# Are 90 degree temps okay?



## Susp3nc3 (Jan 27, 2005)

I cant seem to keep my water temp down. Ive tried the frozen bottle thing etc....Its getting quite annoying freezing bottles. Can my rhom just live in exactly 90 degree water? My house gets up to 95 in the summer, but i will be moving the tank downstairs which is about 15 degrees cooler or more, in less than 2 weeks. What should i do? My heater isn't even on. And i dont want to get a chiller. The Rhom seems fine and has been dealing with the temps for 2 weeks already, so should he be ok? Anyway just gimme your feedback. Thanks in advance.


----------



## Joga Bonito (Oct 30, 2004)

do you have the tank lights on?


----------



## Susp3nc3 (Jan 27, 2005)

lol sh*t forgot about that one... ill do that..


----------



## Joga Bonito (Oct 30, 2004)

add some computer fans, too cool down you tank water, that might help


----------



## Susp3nc3 (Jan 27, 2005)

yea i have one big fan running 24/7 pointing at the tank.


----------



## anthongy817 (May 3, 2005)

you can try having a lot of bubble walls...maybe it'll lower the temp a little bit...


----------



## elTwitcho (Jun 22, 2004)

I can't honestly say if that's okay but I can tell you how to limit the risks so it's a little better anyway.
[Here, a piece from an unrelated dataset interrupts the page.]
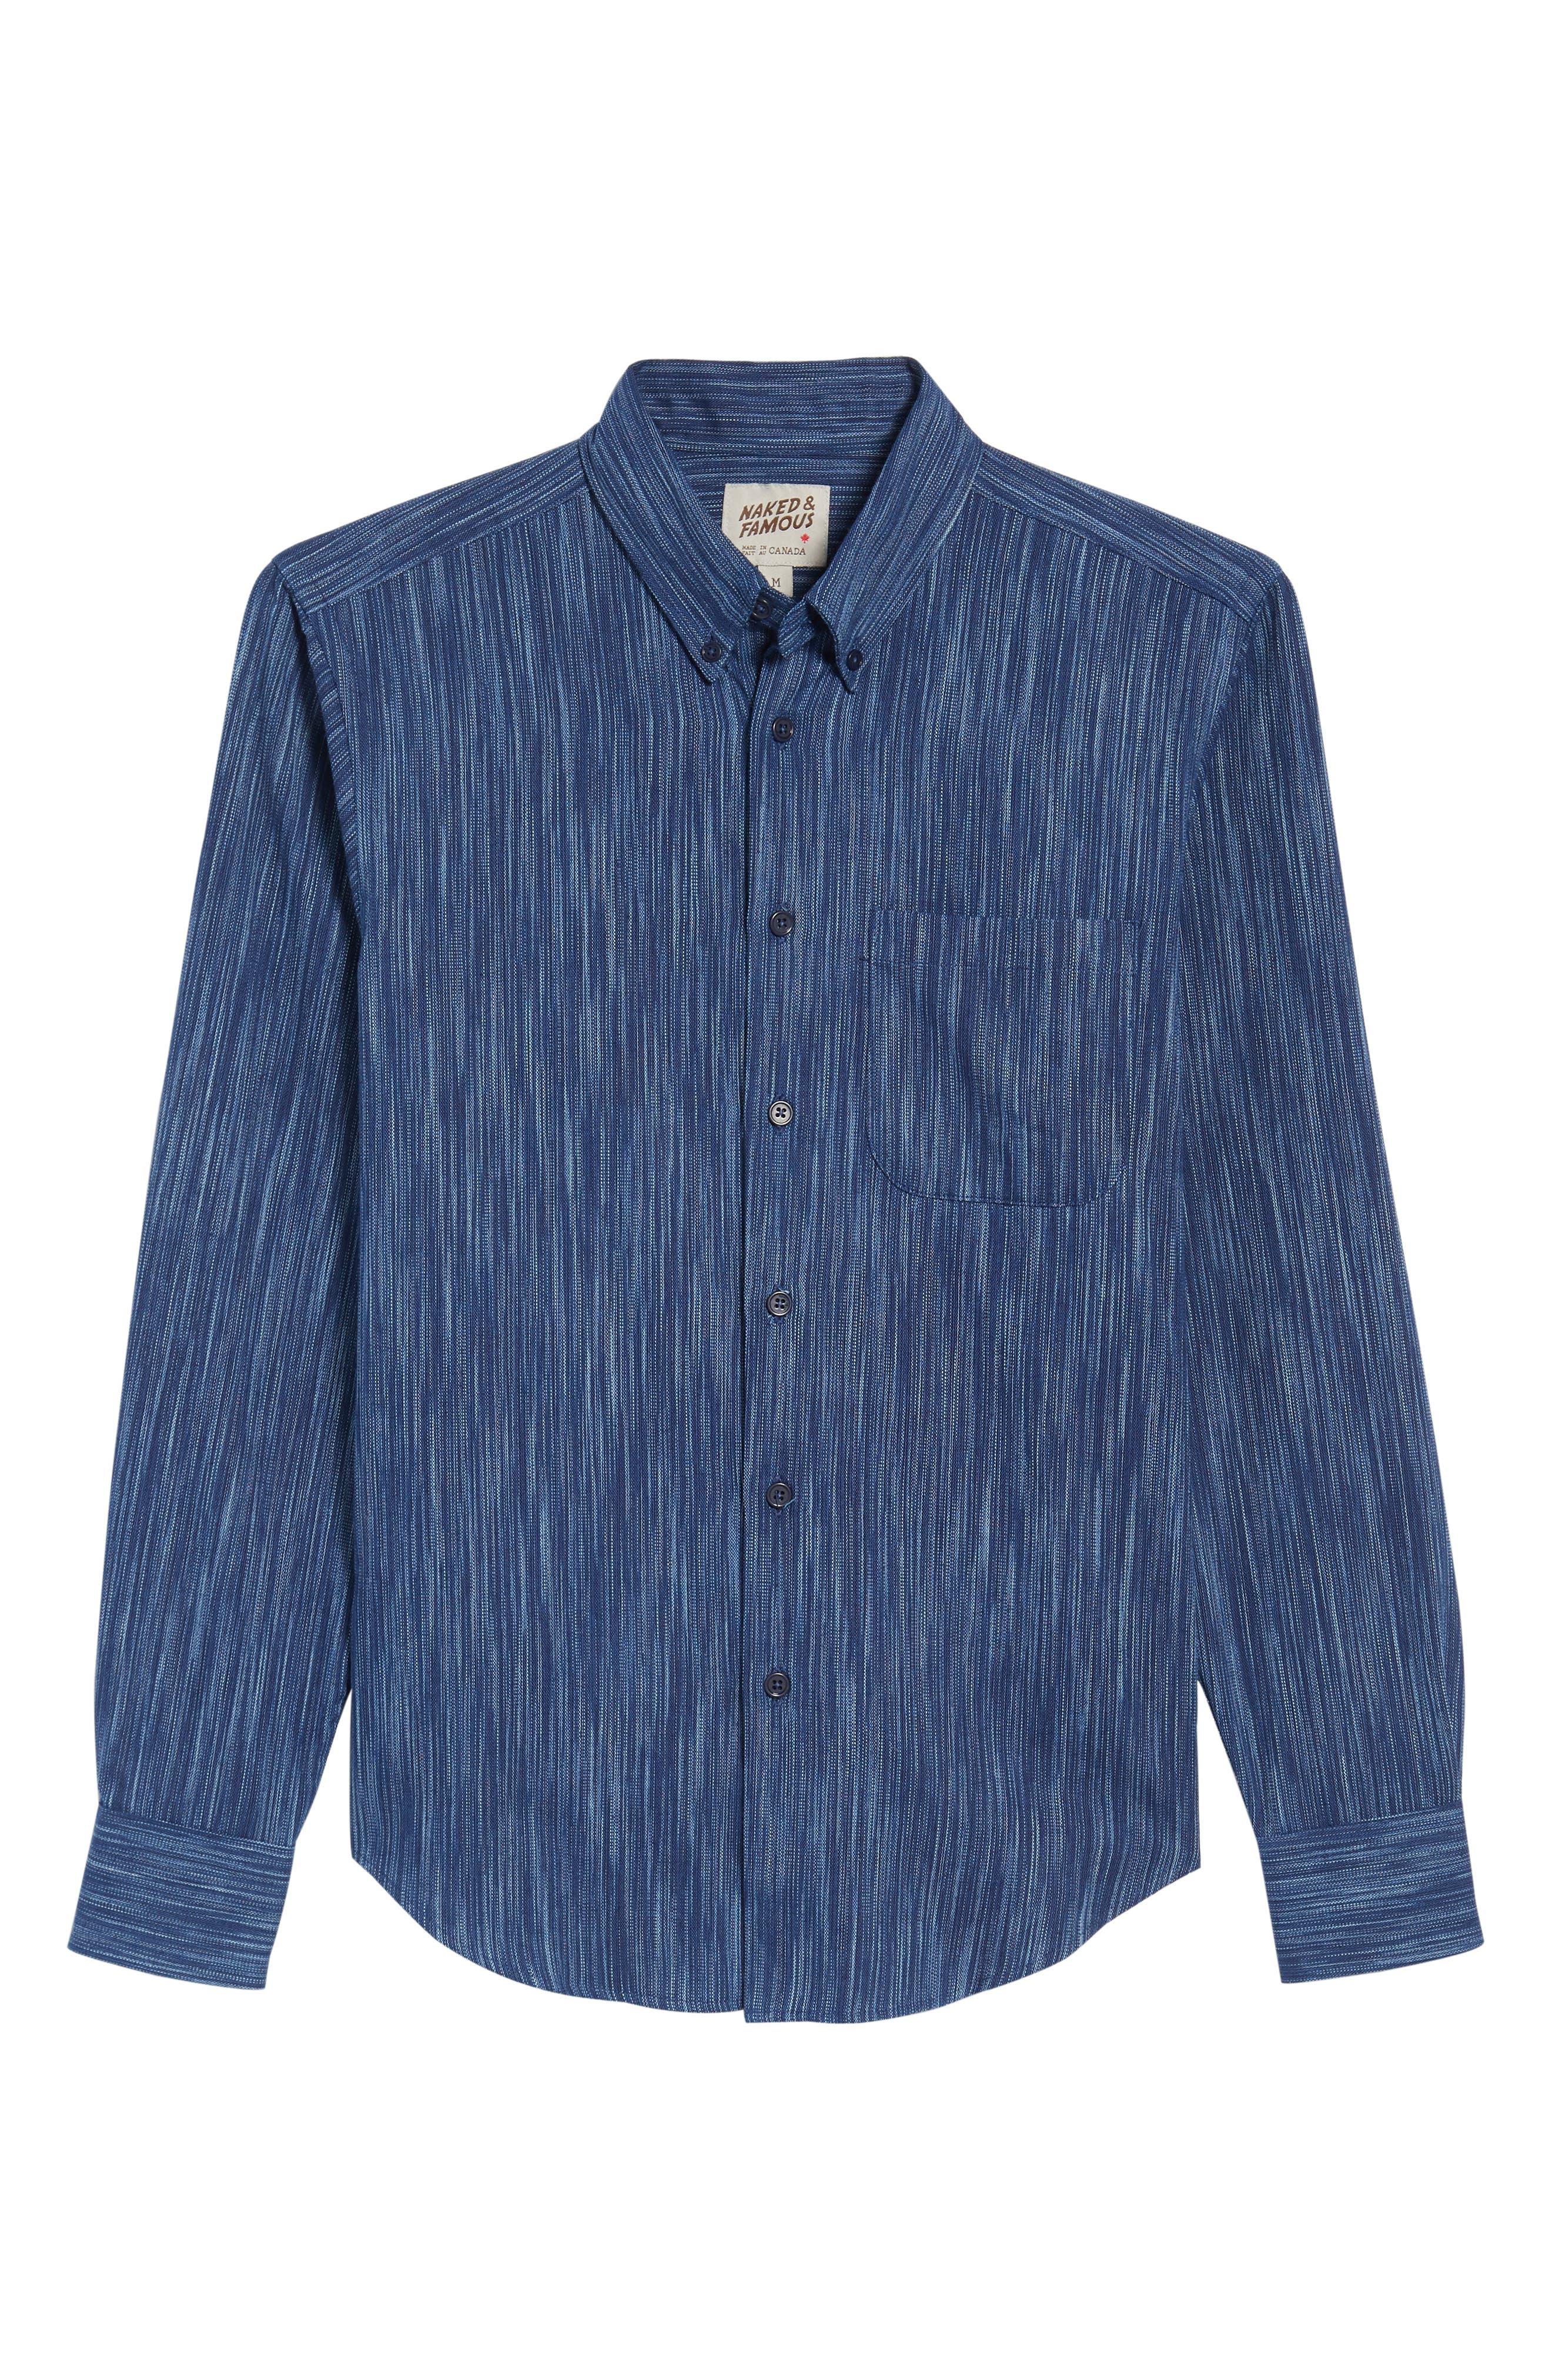 Indigo Tie Dye Rain Weave Shirt,                             Alternate thumbnail 6, color,                             Blue

First and foremost that you gotta worry about is oxygen content in the tank. At higher temperatures, water holds less oxygen. At lower oxygen levels, your fish has problems. If you see him swimming at the surface you're in serious trouble because he's real short on oxygen. Otherwise he's presumably doing alright oxygen wise. You'll definately want to lower the water level so your filters disturb the surface more, and move a powerhead so it's either at the surface or pointing towards the surface from lower in the aquarium.

Another thing to be on the lookout for is rotting food and fish waste. The decomposition process actually uses up alot of oxygen, in some tanks more than the fish do. Frequent vacuuming and removing food so it doesn't sit will go a long long way.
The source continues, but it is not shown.